Non, une langue des signes européenne n’existe pas. La langue des signes n’est pas non plus universelle. Chaque pays d’Europe a sa propre langue des signes avec ses propres variantes régionales au sein même du pays. L’Abbaye de Cluny développa au Xème siècle un premier modèle de dictionnaire de Signes qui sera connu dans toute la France et même en Europe (Belgique, Grande-Bretagne, Portugal, Espagne, Suisse), et chaque communauté l’a ensuite enrichi en fonction de leur culture et leur histoire.

Pourquoi ne pas avoir créé une langue des signes internationale commune ?

Les langues signées se sont construites au fil du temps et ont évolué avec les époques. Depuis l’Antiquité nous trouvons partout des traces de personnes sourdes, mais leurs représentations - ainsi que les représentations de la surdité - varient selon les peuples et les moments de l’histoire.

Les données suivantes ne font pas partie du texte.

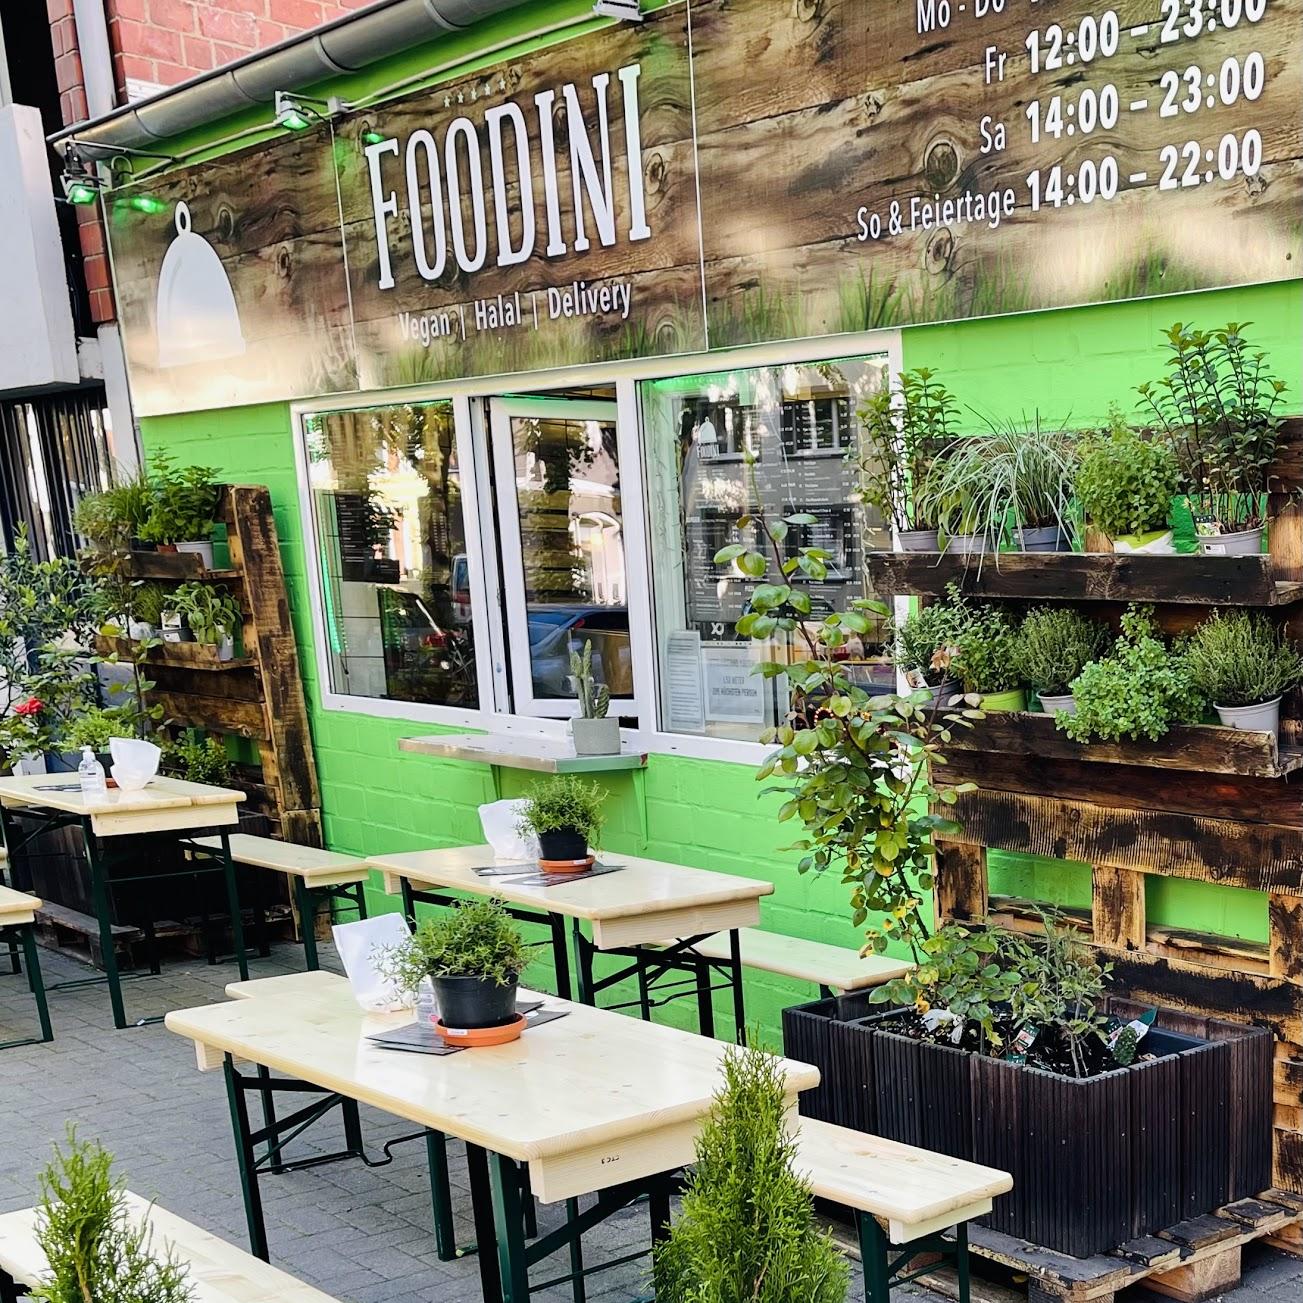 Restaurant "Foodini Cologne" in Köln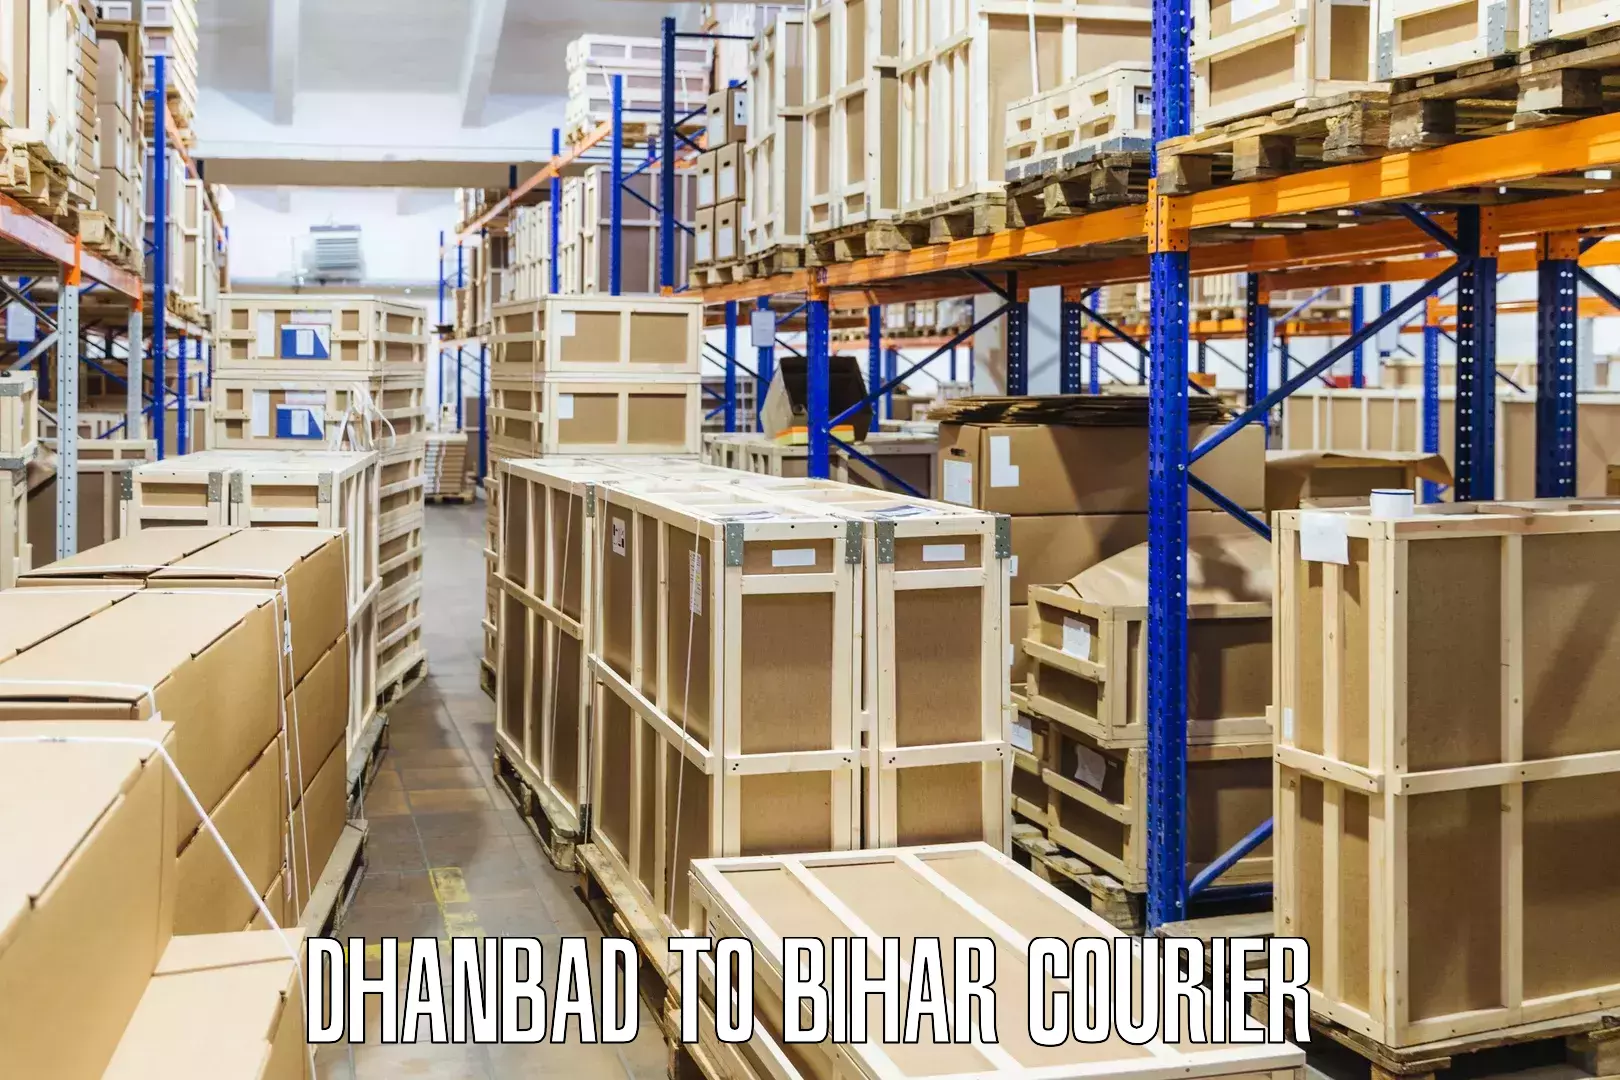 Global logistics network Dhanbad to Bihar

Entre le XVIIème et XVIIIème siècle, les différents pays en Europe s’intéressent petit à petit à l’idée d’éduquer une personne sourde pour en faire des « sourds savants ». En effet, à cette époque, un homme « éduqué » est un homme qui parle bien. Ce nouveau tournant qu’à pris l’éducation des Sourds est dû aux progrès de la médecine qui a permis de dissocier parole orale et ouïe. À mesure des découvertes sur l’oreille et le larynx, les Sourds ne sont plus comme auparavant rejetés de la société, ils deviennent éducables. En outre, l’éducation des Sourds bénéficie de circonstances favorables : ceux issus de la noblesse apprennent à lire, écrire et à s’exprimer oralement. En résulte une émergence de la concurrence entre les cours européennes : les sourds ayant été éduqués seront ensuite exhibés à la cour et dans les Académies. Résultat : un engouement total pour l’éducation des Sourds. L’Angleterre sera le premier pays d’Europe à s’intéresser à l’éducation des Sourds, ne pouvant digérer l’affront de la prééminence des espagnols en cette matière [1]. Différentes méthodes et écrits sont peu à peu publiés, provoquant l’admiration des différentes cours européennes. Cela permet en plus de débloquer les crédits nécessaires aux différents travaux de chacun.

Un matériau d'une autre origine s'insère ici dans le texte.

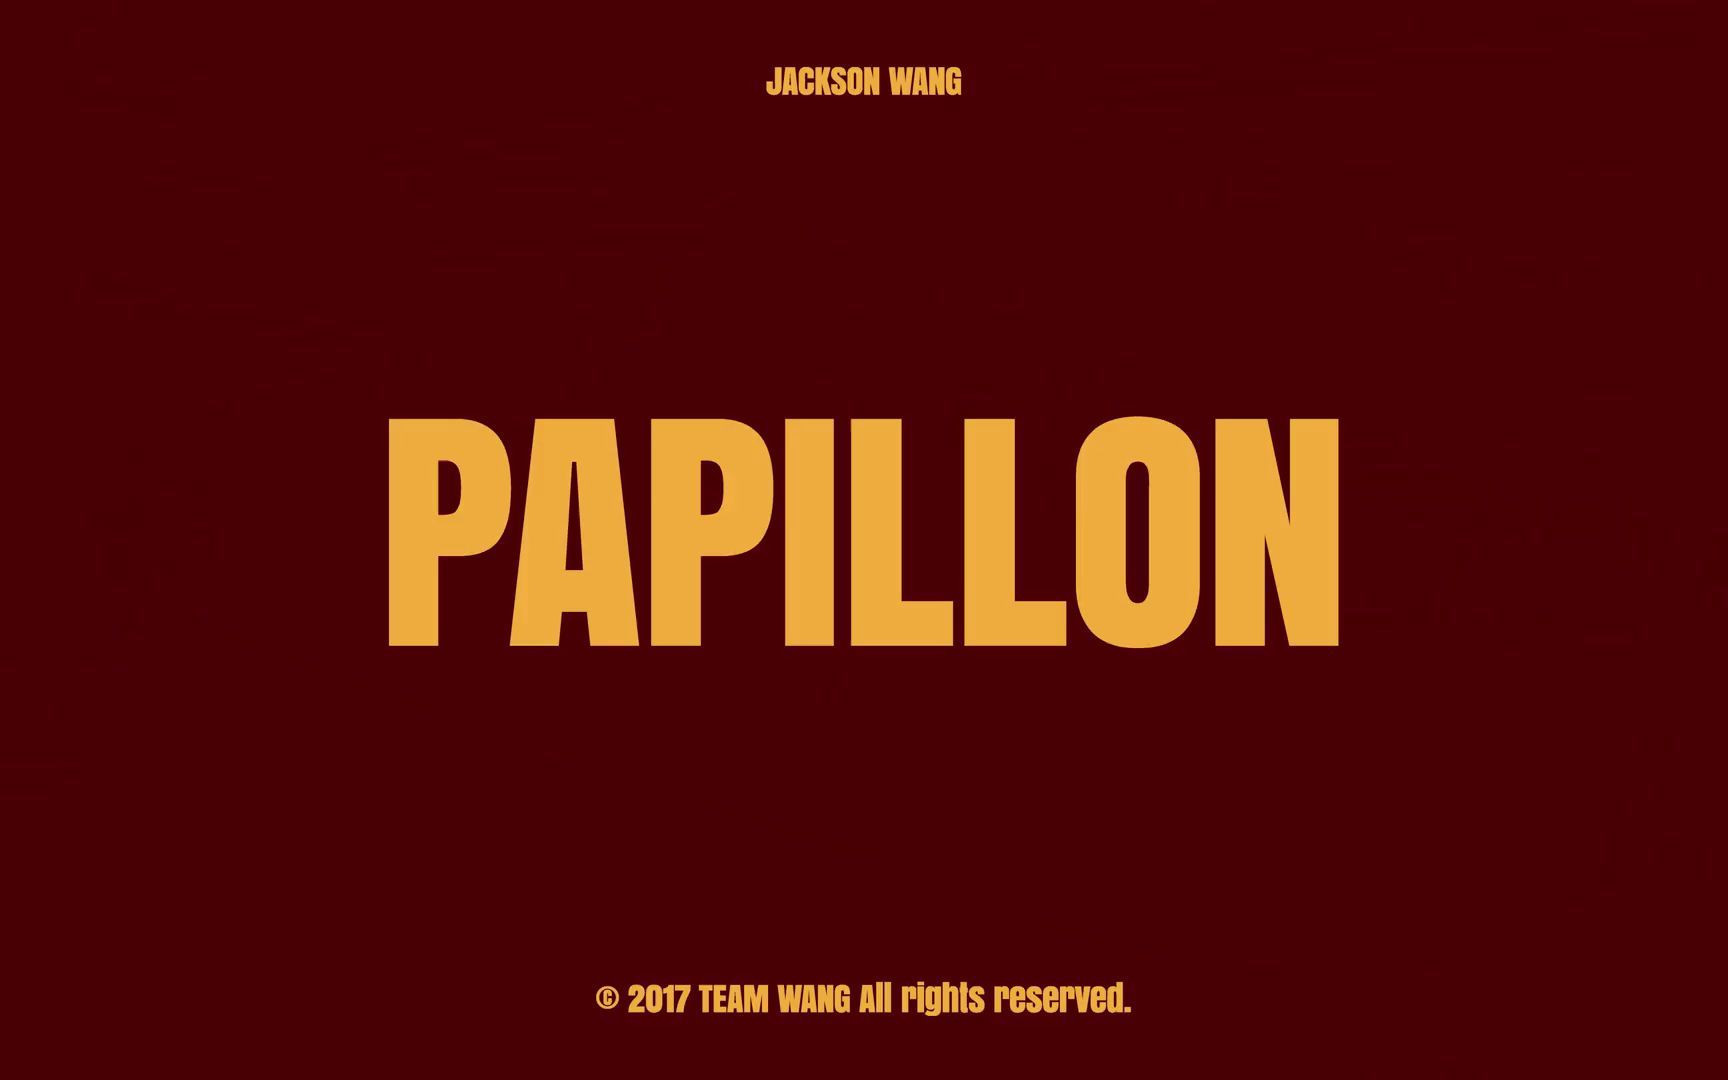 【王嘉尔】Jackson Wang《Papillon》官方MV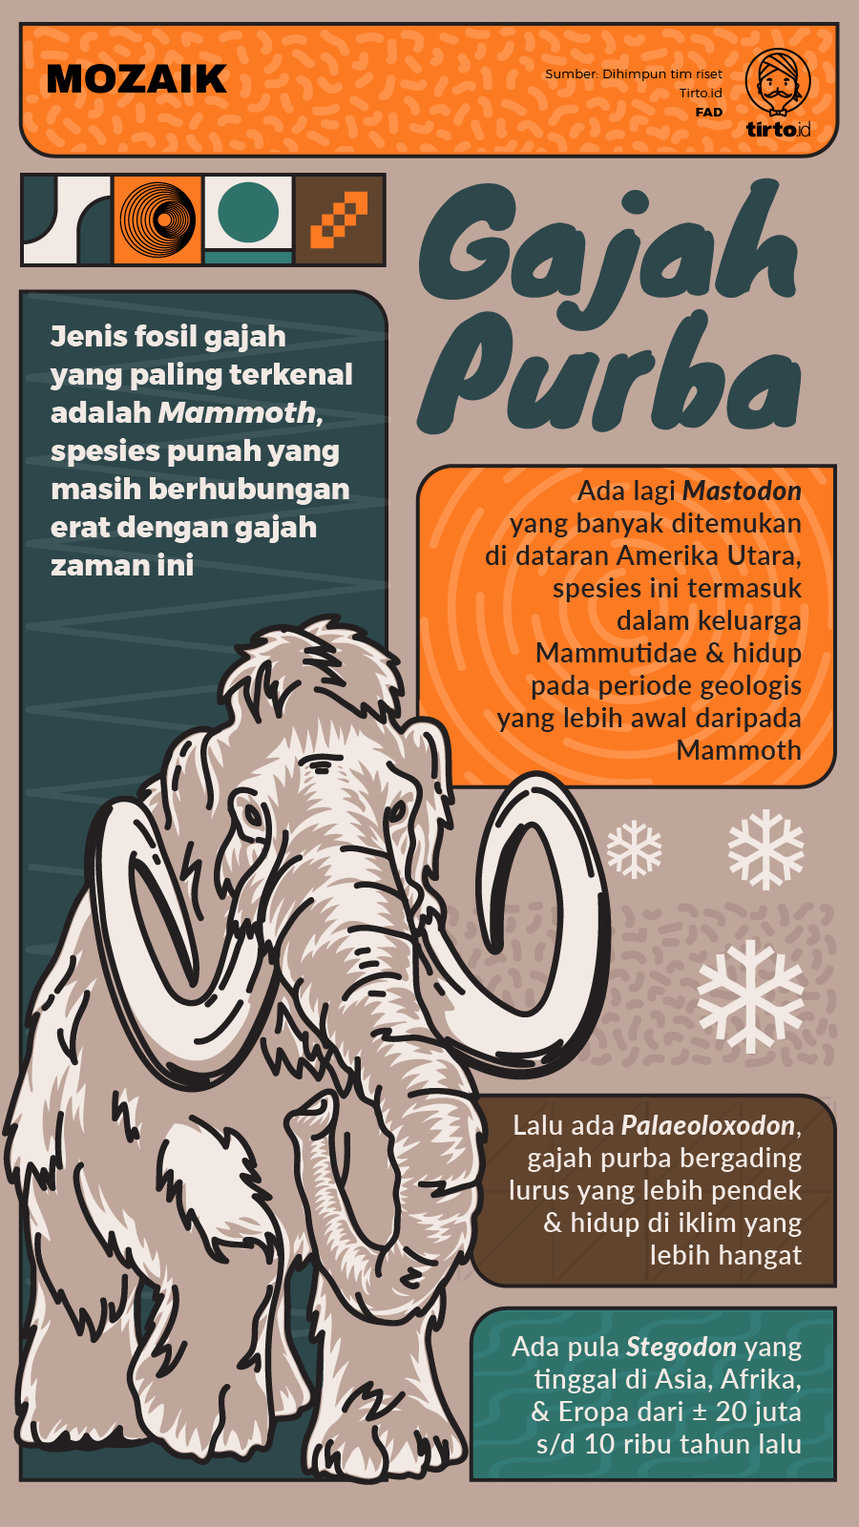 Infografik Mozaik Gajah Purba

En s’intéressant à cette problématique, chaque pays en Europe a pu voir les langues signées se développer différemment en fonction de leur degré d’implication dans la recherche sur l’éducation des Sourds. Pour prendre l’exemple de la France, il s’ensuivra au XIXème siècle une répression institutionnelle de la langue des signes française (LSF) d’une rare brutalité. En 1880, le Congrès de Milan confirme une prise de position « anti-gestes », c’est-à-dire oraliste. Les livres relatifs à l’enseignement de la LSF sont brûlés, les signes sont interdits pendant les cours, les instituteurs sourds sont mis à pied… La LSF a donc connu une évolution différente que dans d’autres pays où les signes n’étaient pas interdits.

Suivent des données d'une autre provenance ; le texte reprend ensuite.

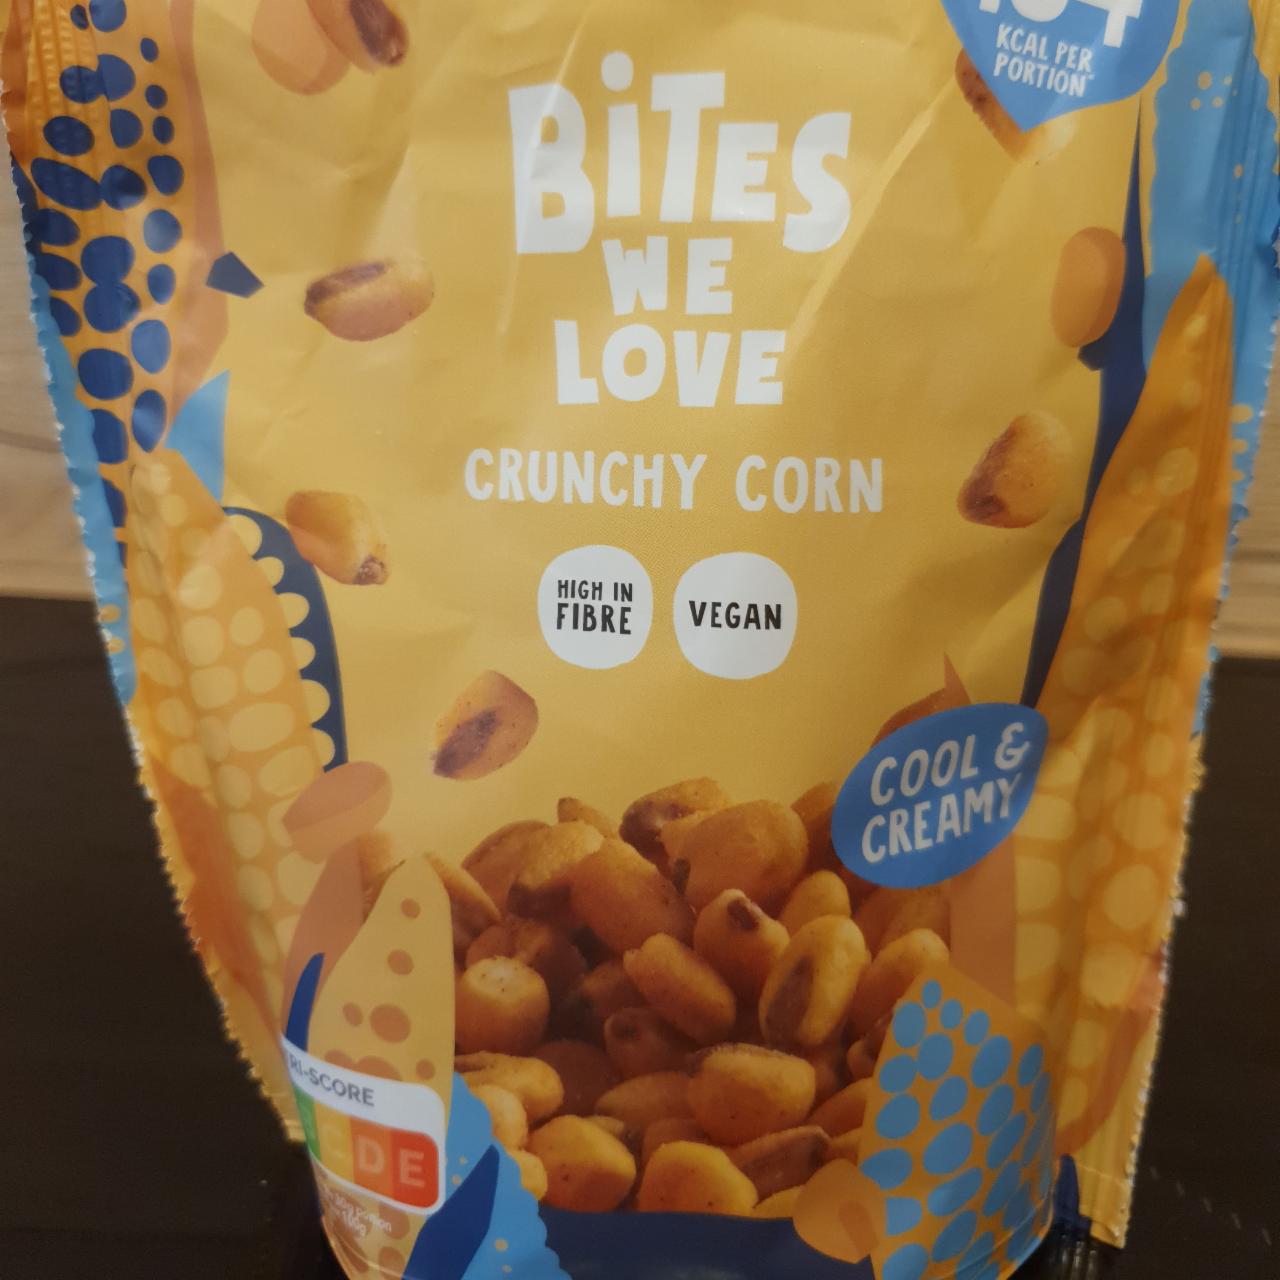 Fotografie - Crunchy Corn Cool & Creamy Bites We Love

L’importance d’une dénomination commune

Sourd-muet, malentendant, déficient auditif… Quelle dénomination ? On remarque d’emblée une dialectique instaurée dans une tension : une majorité parle d’une minorité en termes de normalité et d’anormalité. Même à l’heure actuelle, proposer une dénomination soulève des débats violents tant de la part des personnes non-sourdes concernées par la surdité (parents, enseignants, éducateurs, rééducateurs, médecins...) que de la part des sourds eux-mêmes. Pour ces derniers, la question de dénomination n’échappe pas au processus d’adhésion ou bien de rejet vis-à-vis d’un système de valeurs attaché à la norme. Toute cette variation des termes pour catégoriser les sourds révèle une division du champ d’observation et laisse apparaître des clivages entre sourds et entendants, vrais sourds et faux sourds, ceux qui sont pour ou contre une politique d’intégration, une politique d’inclusion, ceux qui pensent que les sourds doivent faire l’objet de soins médicaux…

« Sourd-muet » est un terme ayant disparu des textes officiels dans les années 60. En effet, beaucoup de Sourds peuvent parler. Il n’est donc plus correct d’utiliser cette dénomination qui fait appel à une fausse croyance. Quel terme est donc approprié ? « Sourd ». Sous ce terme, plusieurs autres dénominations se retrouvent : un malentendant est un Sourd, un sourd profond est un Sourd… etc. La revendication par les Sourds de s’appeler Sourds peut se comprendre comme un refus du gommage, de l’euphémisation (malentendant, déficient auditif). Le refus d’une fragmentation due aux différents types de prise en charge éducatives, rééducatives et sociales. Ce type de positionnement identitaire se retrouve chez d’autres groupes minoritaires ayant connu des formes de répression ou de stigmatisation.

Quel futur pour la Langue des Signes internationale ?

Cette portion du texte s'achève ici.